Part One: The Supposal

Part Deux: Parental Permission

Part Three: Finger Measuring/Ring Shopping

Part D: Actual Proposal

Part One:Usually, the proposee knows a proposal is coming because she and her boyfriend have had an oblique, no-obligations, preliminary conversation about getting married, something I call “The Supposal.”

“Suppose we got married? Do you suppose that might be a good idea?”

“Sure, I suppose so.”

So the Supposal ™© precedes the proposal.

Part Deux, Parental Permission:After The Supposal, in traditional proposals, the groom asks the father of the bride for permission to marry his daughter. Once the groom obtains the dad’s permission, he concocts his big proposal plan. (Why shouldn’t the proposer have to ask the mother of the bride for her permission too? Doesn’t the wife make all the decisions in the marriage anyway? We all know she does.)

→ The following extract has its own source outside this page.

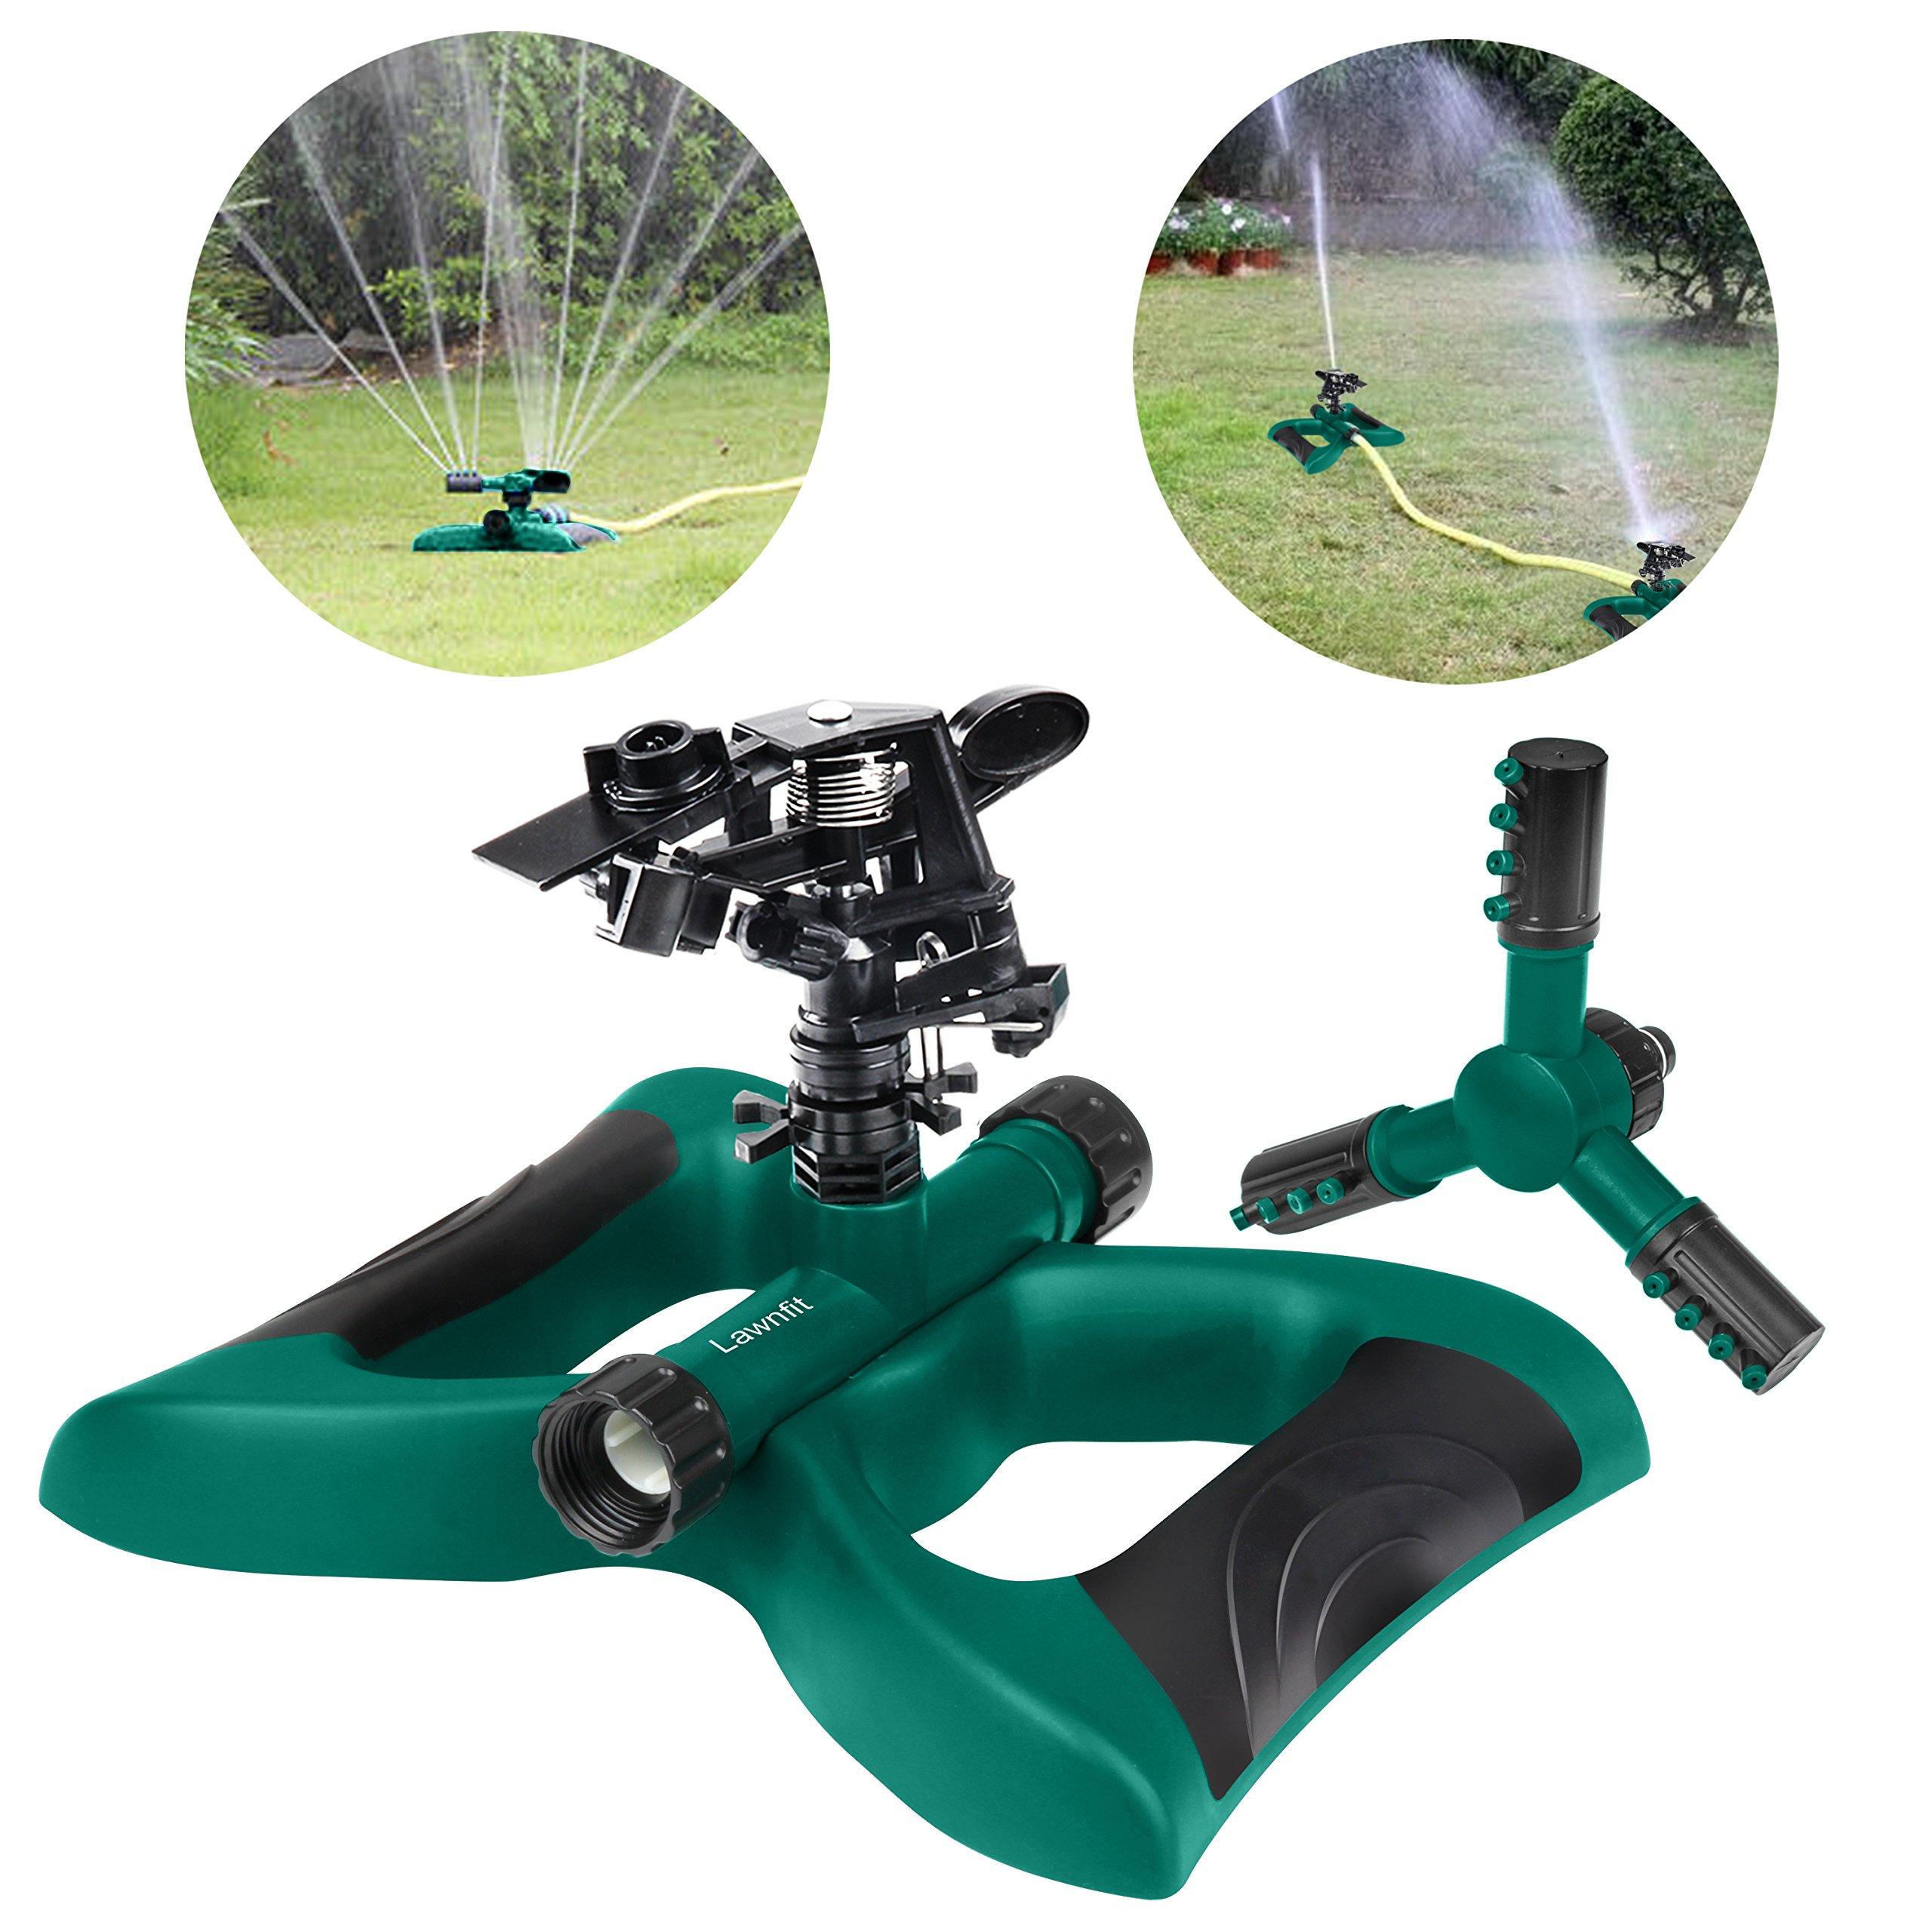 lawnsprinkler impactsprinkler 360degreerotatingsprinklerirrigationsystem Usedforgarden lawn outdoorautomaticsprinkler OscillatingRotaryHighImpactSprinklerSystem Twodifferentsprinkler

I would love to see this tradition upended: I’d love it if the woman would have to ask permission from the groom’s parents too—fair is fair, plus, just think how much more assured the couple could feel knowing that four parents approve versus only two? Yeah. Think about that.

Same-sex couples have struggled with the notion of “permission” for long enough—they have every right to adopt, reject, or redefine this tradition of permission seeking. On the one hand, perhaps both halves of any couple should ask the other half’s parents for permission; on the other hand, if marriage really is between two people—not four, not six—who says anyone needs parental permission, or any permission at all? That said, since marriage remains the only institution that joins families together (and these days our world can use all the harmony it can find), it would behoove anyone seeking to get married to have both families behind their decision.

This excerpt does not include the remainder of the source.